Fact Box: India's Contribution to Thirty Metre Telescope (TMT) Project

Thirty Metre Telescope (TMT)  is the world’s biggest telescope which would facilitate astronomers to observe the intricacies of the universe from earth.

Salient Facts

Thirty Metre Telescope (TMT) is a multi- million dollar project being developed by an international consortium of Five countries including India. The other four countries are Canada, China, Japan and the U.S. In July 2013, five countries participating in the project had inked Master Partnership Agreement (MPA) for the construction of the Thirty Meter Telescope (TMT).
The ambitious next-generation telescope would be built at a cost of USD 1.47 billion.
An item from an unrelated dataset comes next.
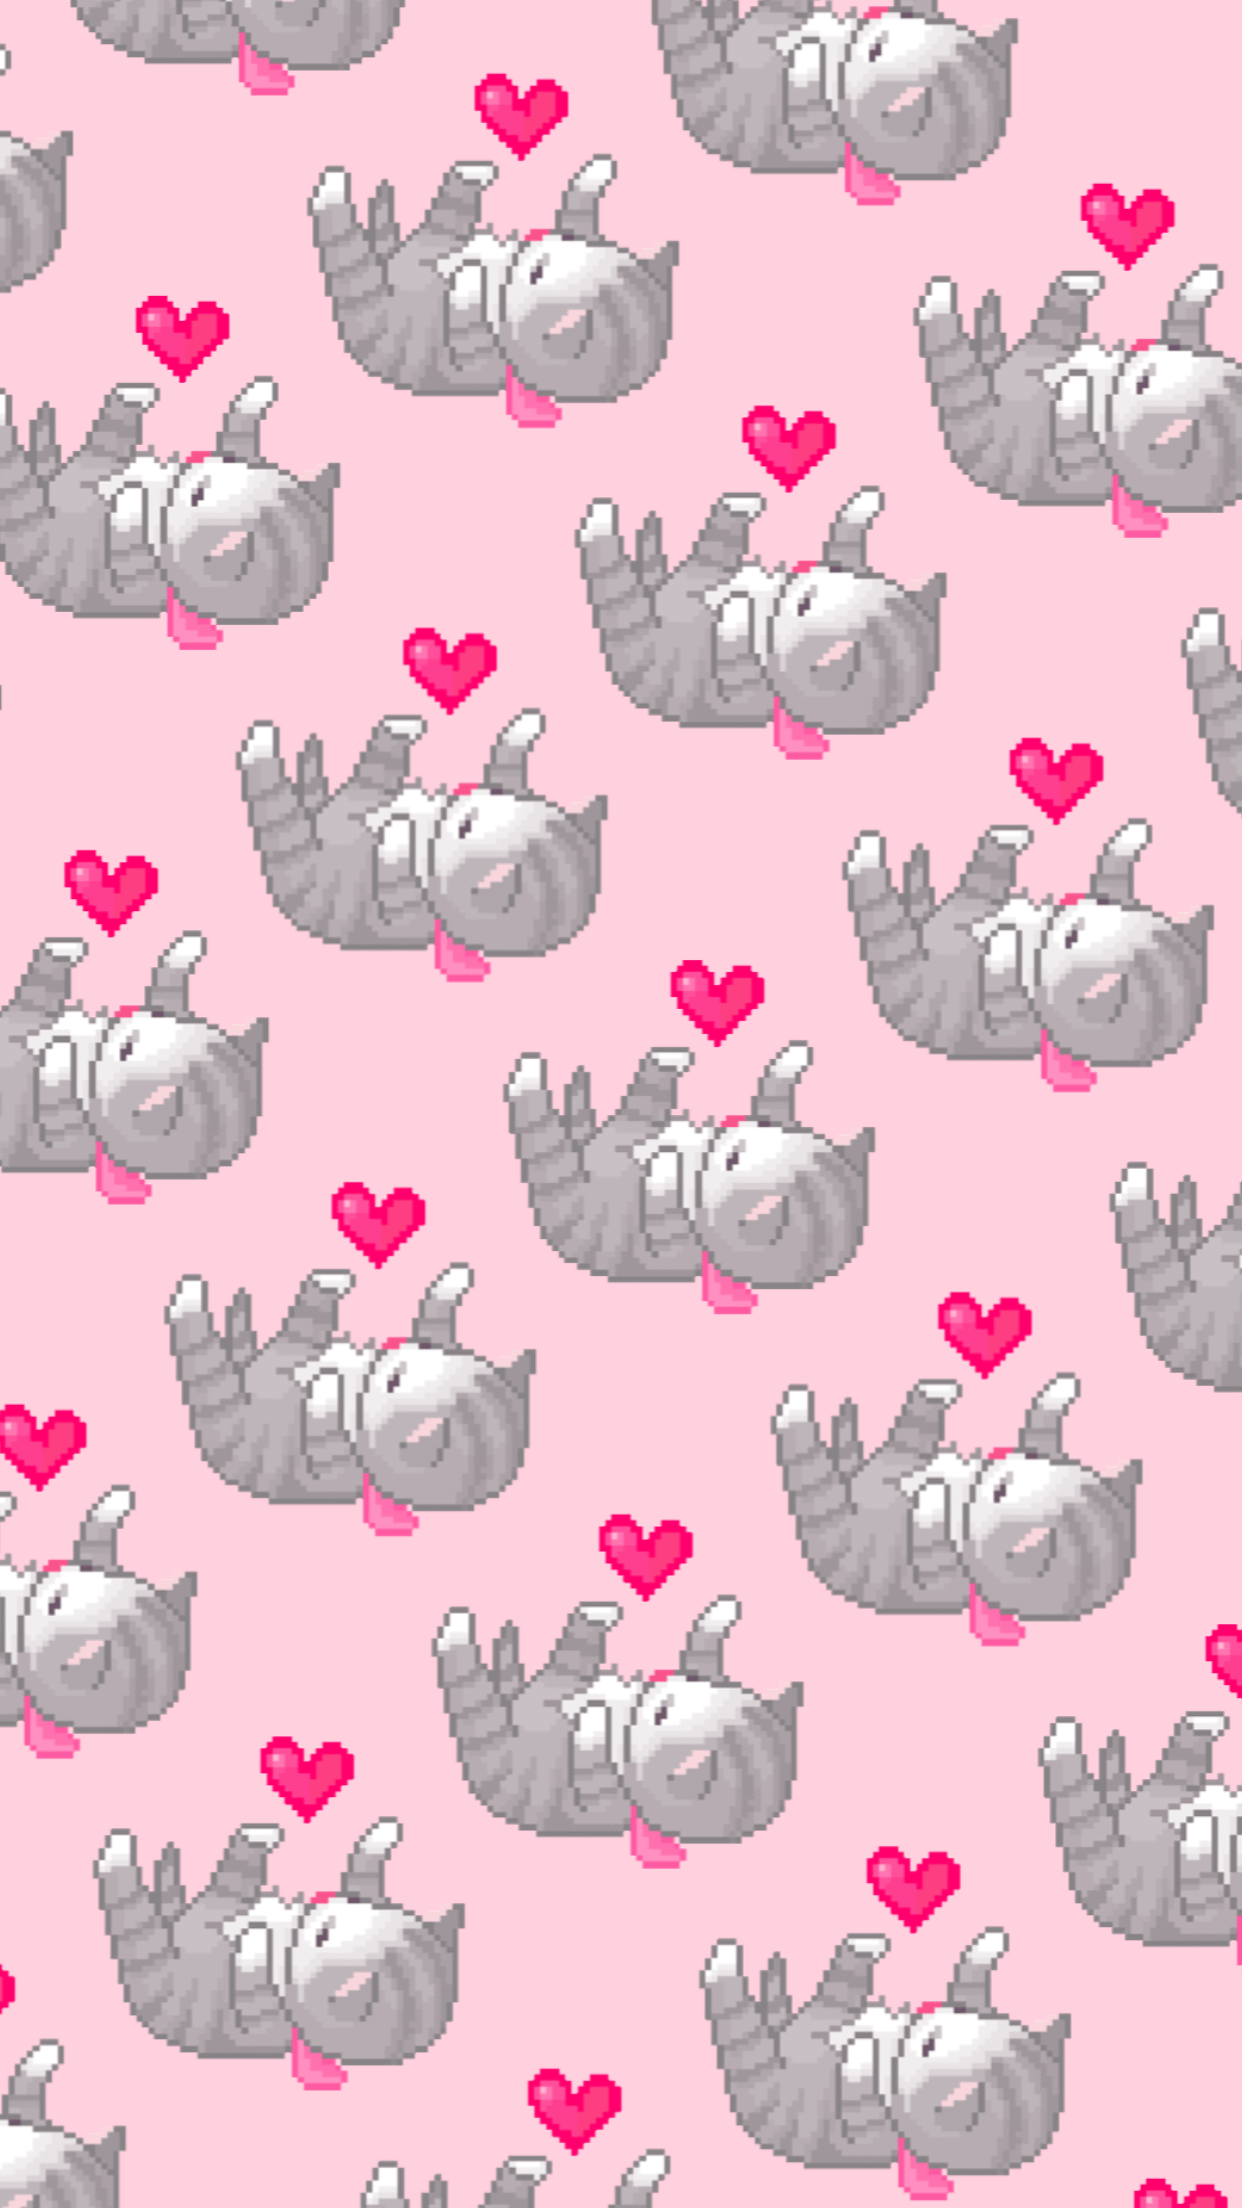 Kitten heart pattern wallpaper. Wallpaper. Kawaii wallpaper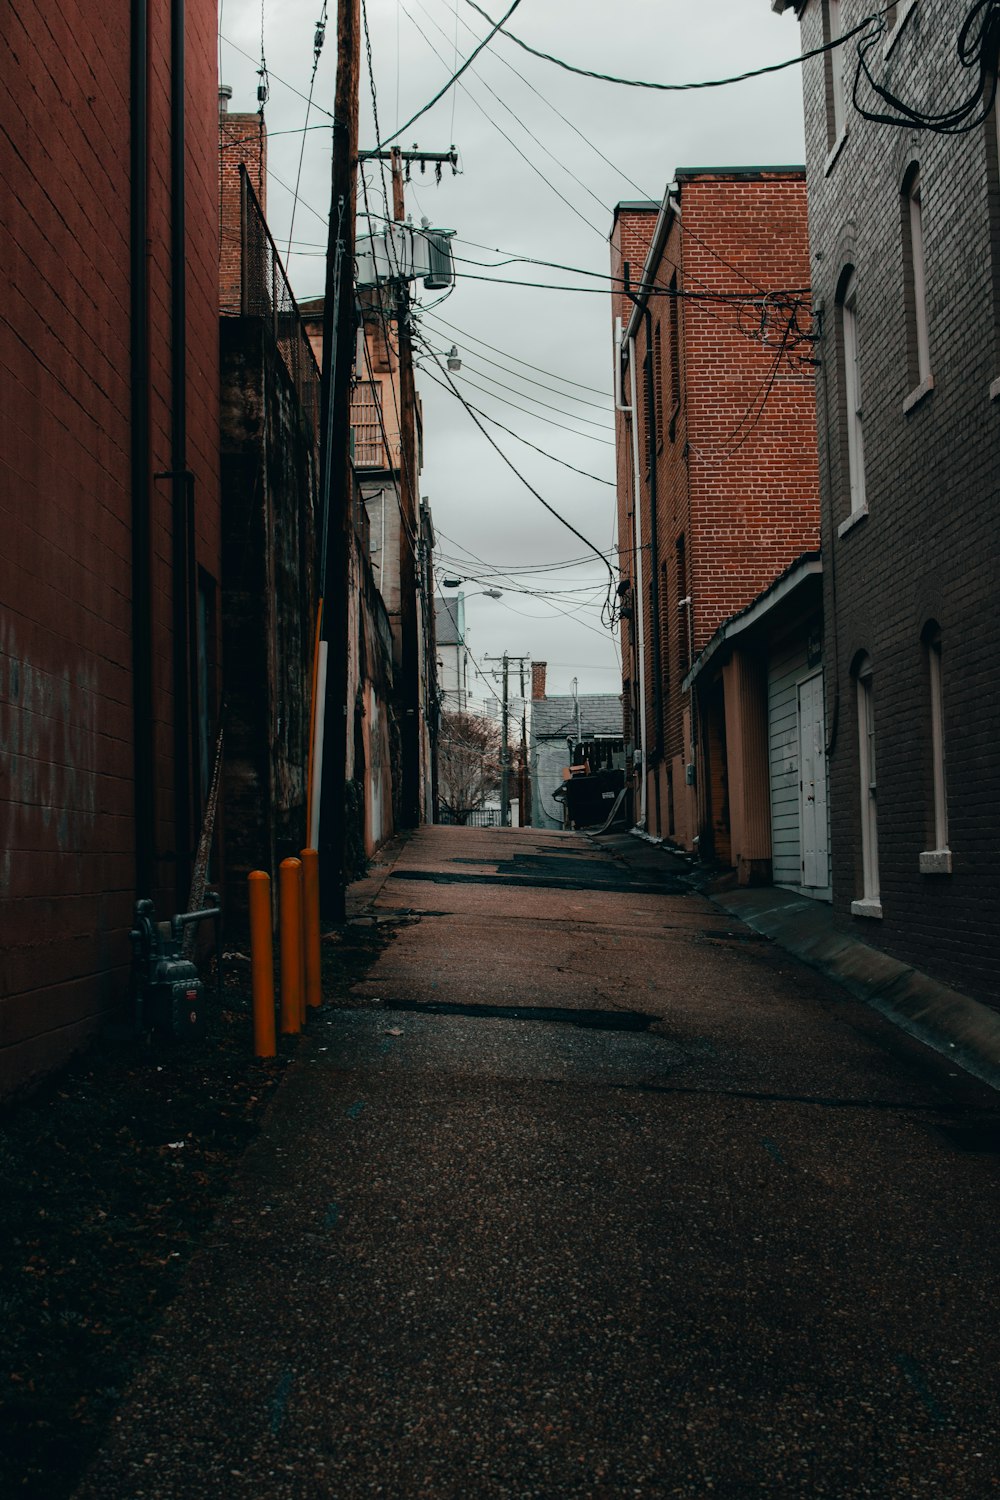 empty street between brown brick buildings during daytime

India will spend Rs 1,300 crore on the project. India’s contribution to the project will be more in terms of hardware than money.
The telescope which was expected to be started at Mauna Kea, Hawaii was stalled following protests by locals. The project site is still being finalised by the consortium of countries involved in the project. Hanle in Ladakh is one among the new sites that are being explored for the construction of the telescope.
The telescope is expected to be ready by 2020. The telescope when ready would offer astronomers with unparalleled power to observe the universe.
India has a 10% partner in the telescope project. Indian astronomers will get observational time in proportion to India’s share in the total project cost.
On the Indian side, the project will be handled by the Ministry of Science and Technology and the Department of Atomic Energy. The project would be led by the Indian Institute of Astrophysics (IIA), Bangalore, with the help of the Aryabhatta Research Institute of Observational Sciences (ARIES), Nainital, and Inter-University Centre for Astronomy and Astrophysics (IUCAA), Pune.
TMT will be the first ground-based telescope to incorporate the technology of Adaptive Optics (AO) as an integral component of the telescope. India’s contributions will include fabrication of edge sensors, which sense relative displacement of segments due to gravity and temperature while tracking objects in the sky. India also has the responsibility to build the entire actuator system to provide the best possible image of objects in the sky.